The "FBI Experience" set is especially interesting, in that it includes a great many photographs. Amazingly it includes RFK's post-mortem photographs. The MFF has taken the unusual step of omitting these photos from our copy; they are too gory for a public website, and are not really of use to forensic investigators given that they do not include close-ups of wounds. Other photographs in the collection include pictures of the Ambassador Ballroom, LAPD crime scene photos, photos of shell casings, photos taken in the pantry after the shooting, Sirhan family mug shots, and much more.
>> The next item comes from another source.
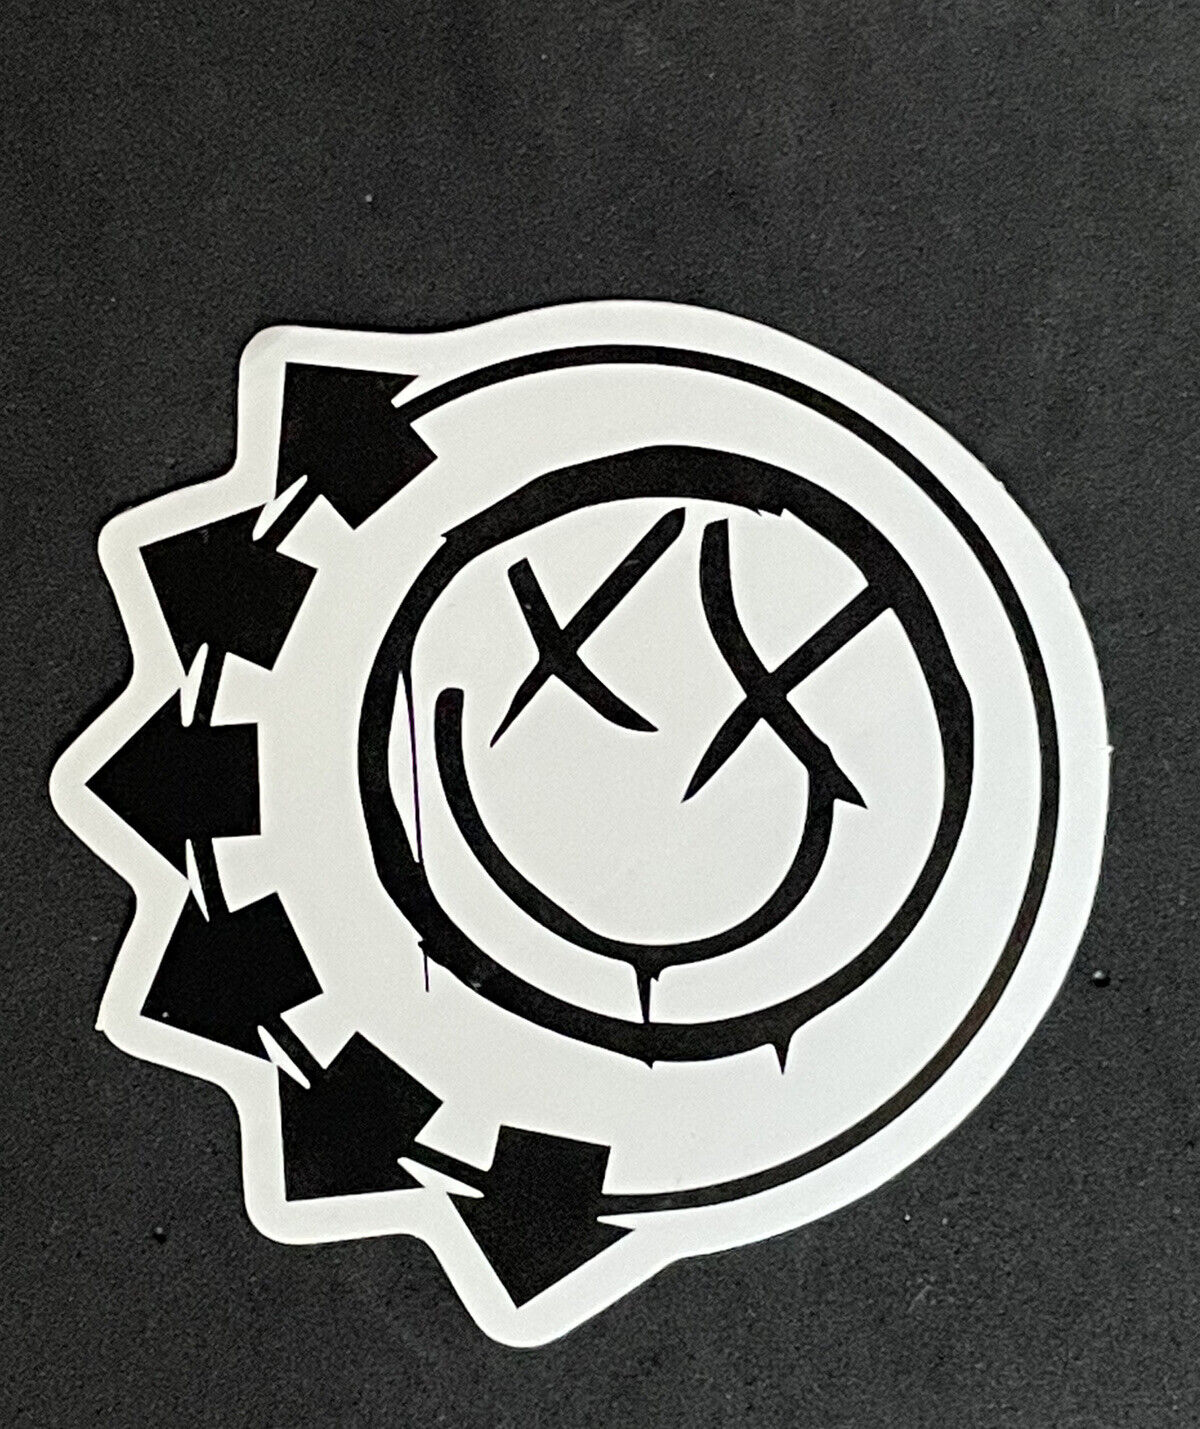 Blink 182 Punk Rock 90s Band Sticker Decal California For Laptop Skate Board New

MLK Assassination Document Releases
On July 21 of 2025, the National Archives released a large collection of files on the assassination of Dr. Martin Luther King Jr., almost all of them from the FBI. The release consisted of 6,302 pdf files representing almost a quarter-million pages, along with 1 audio recording.
As posted, these files were somewhat disorganized, and often single documents were broken into 50-page sections. The MFF devoted substantial effort to combining these files and organizing and retitling them to make them more accessible, as documented in our feature which accompanied their reposting on MFF.
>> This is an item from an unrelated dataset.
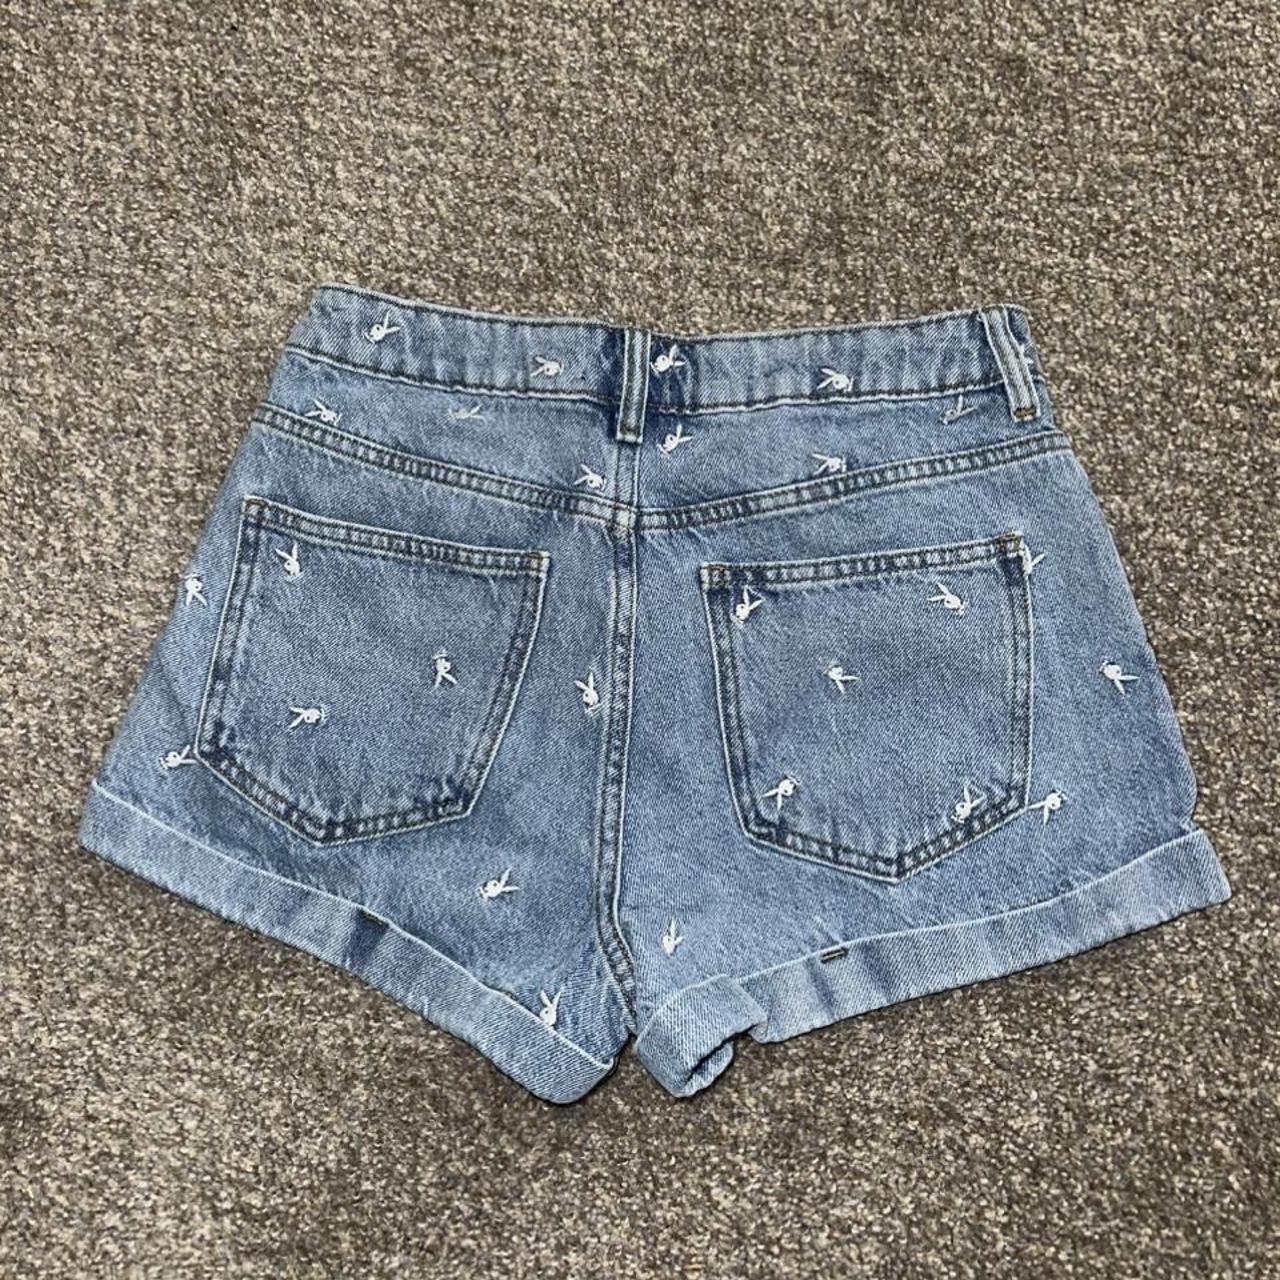 Playboy Women's Blue and White Shorts | Depop

The MLK files are divided into three major sections:
- FBI MURKIN HQ files. The Headquarters files of the FBI's MURder of KINg investigation. There are over 300 serials (volumes) of file 44-38861, along with a couple dozen serials from other files. Individual serials/volumes are typically a few hundred pages in length. They consist of reports, memos, airtels, and more, and include abundant "bulkies" which contain large sets of photographs of evidence, people, and more.
- FBI MURKIN Field Office Files. These are the FBI's field office files for 50 cities, including important ones for this case like Memphis, Atlanta, Birmingham, New Orleans, and Kansas City.
- Other Miscellaneous Files. These include almost 1000 CIA files from the JFK Collection, a 7-part set of MURKIN index cards, and 150 miscallenous files from various sources.
Overall, this is a major release of government records on the assassination. The majority of pages had been previously made public, but often with redactions and not contained in a single collection.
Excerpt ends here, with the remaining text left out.